Legal residence means the same thing as domicile and a person may have two or more actual residences but only one domicile or legal residence. Bearman v. Camatsos (1964), 215 Tenn. 231, 385 S.W.2d 91. A domicile or legal residence once acquired by a person remains his domicile until another domicile is established. Bruce v. Bruce (1949), 32 Tenn.App. 222, 222 S.W.2d 228. As pointed out in Keelin v. Graves (1913), 129 Tenn. 103, 165 S.W. 232, there are many definitions of domicile which seem simple enough in form, but they are not easy to apply to the varying facts of cases as they arise. The Court in Keelin summarized, as follows:
We think the substance of our cases is that, in order to destroy the status of a party as the possessor of a domicile once acquired in this State, it must appear that he has removed into another State for the purpose of making it his home, and that his removal for purposes of business, though long continued, will not have the effect of changing his domicile, if he has the purpose of returning to this State upon the completion of the business, but that a mere floating purpose to return to [the] State at some time will not be sufficient to destroy the presumption that his change of residence imported also a change of domicile.
We conclude that the word “resident” as used in T.C.A. § 26-206 refers to legal residence or domicile, rather than actual residence. It would be extremely harsh to hold that a pensioner absent from the state for purposes other than the establishment of a legal residence or domicile in another state would thereby lose the benefits of the exemptions allowed a resident of the state. The fact that Mr. Coke has an address in Scotsdale, Arizona does not render him a legal resident of that state. A determination of Mr. Coke’s domicile is essential to the proper application of T.C.A. § 26-206.
If Mr. Coke is domiciled in Tennessee the stay order should not have been issued because the pension payments would be exempt from garnishment. The administrators of the pension fund are before the court as garnishee only. That which is barred by direct attack, namely, subjecting these pension payments due a domiciliary of Tennessee to garnishment, may not be accomplished by injunction. T.C.A. § 26-206.

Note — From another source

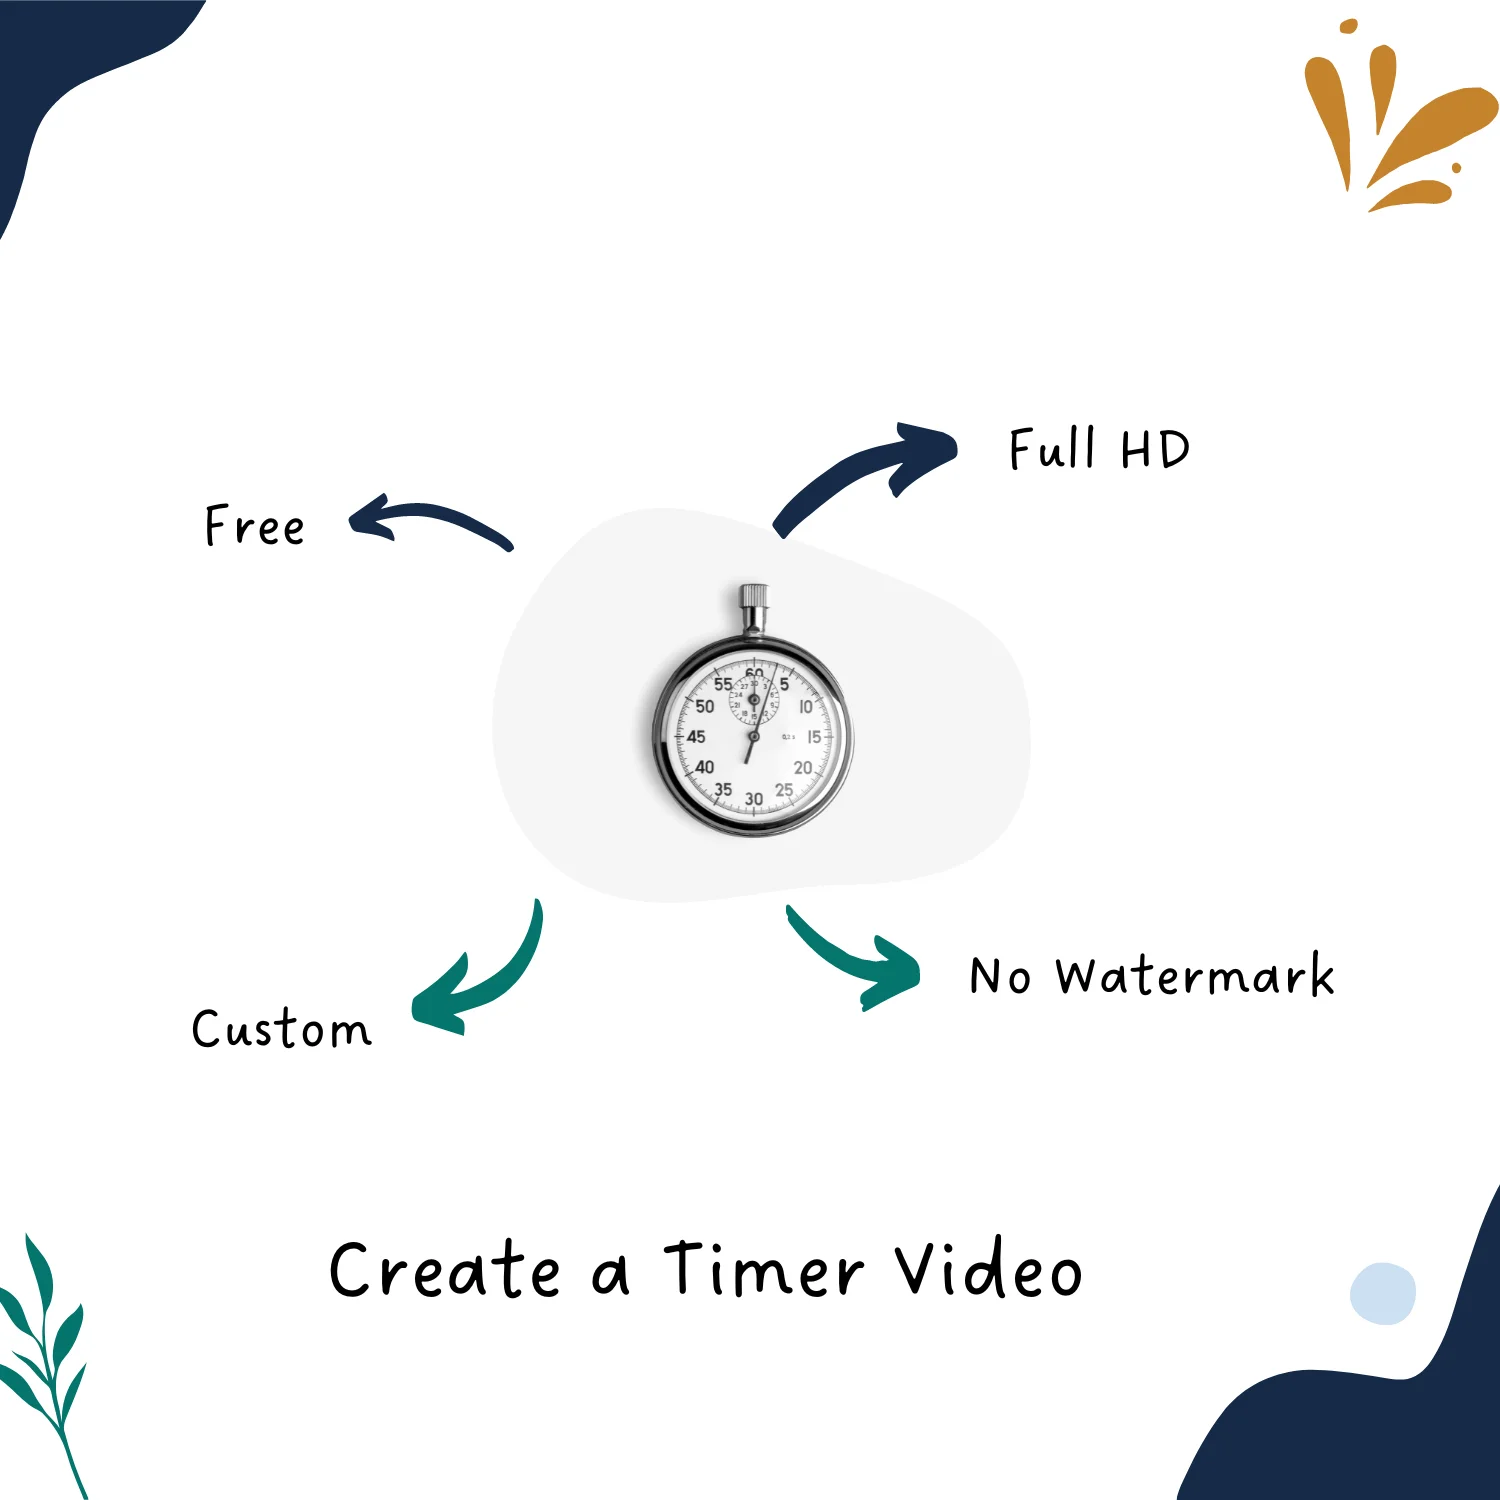 How to Create a Free HD Countdown Timer Video (No Watermark)

If Mr. Coke is not domiciled in Tennessee the stay order may or may not be valid. The contract or agreement between the pension fund and the beneficiaries thereunder is not in the record before this Court. There is no showing that the con*634tract was before the trial court. The test of the right of a judgment creditor to a judgment against a garnishee is the existence in the judgment debtor of a right to sue the garnishee and recover the sum or property sought to be subjected to garnishment. J. G. Mahan Motor Co. v. Lyle (1934), 167 Tenn. 193, 67 S.W.2d 745; Dickson v. Simpson (1938), 172 Tenn. 680, 113 S.W.2d 1190. Absent the contract between the debtor, Mr. Coke, and the garnishee pension fund, neither the trial court nor this Court can know the rights that Mr. Coke could have asserted against the garnishee. For these reasons also the injunction was improvidently granted.
The petitions for certiorari are granted and the assignments of error are sustained. The judgment of the trial court is reversed and the injunction or stay order is dissolved. The garnishments levied are enforceable if the proof should establish that the judgment debtor, Thomas McKellar Coke, was not domiciled in the state of Tennessee on the dates that the garnishments were levied. Should the proof establish that on those dates Mr. Coke was domiciled in Tennessee, the garnishments will be dismissed. This lawsuit is remanded to the Circuit Court sitting in Shelby County, Tennessee for further proceedings as the law directs. The cost in this Court is adjudged against the complainant-respondent, Patti Ruth Coke.
NEARN, J., and THOMAS, Special Judge, concur.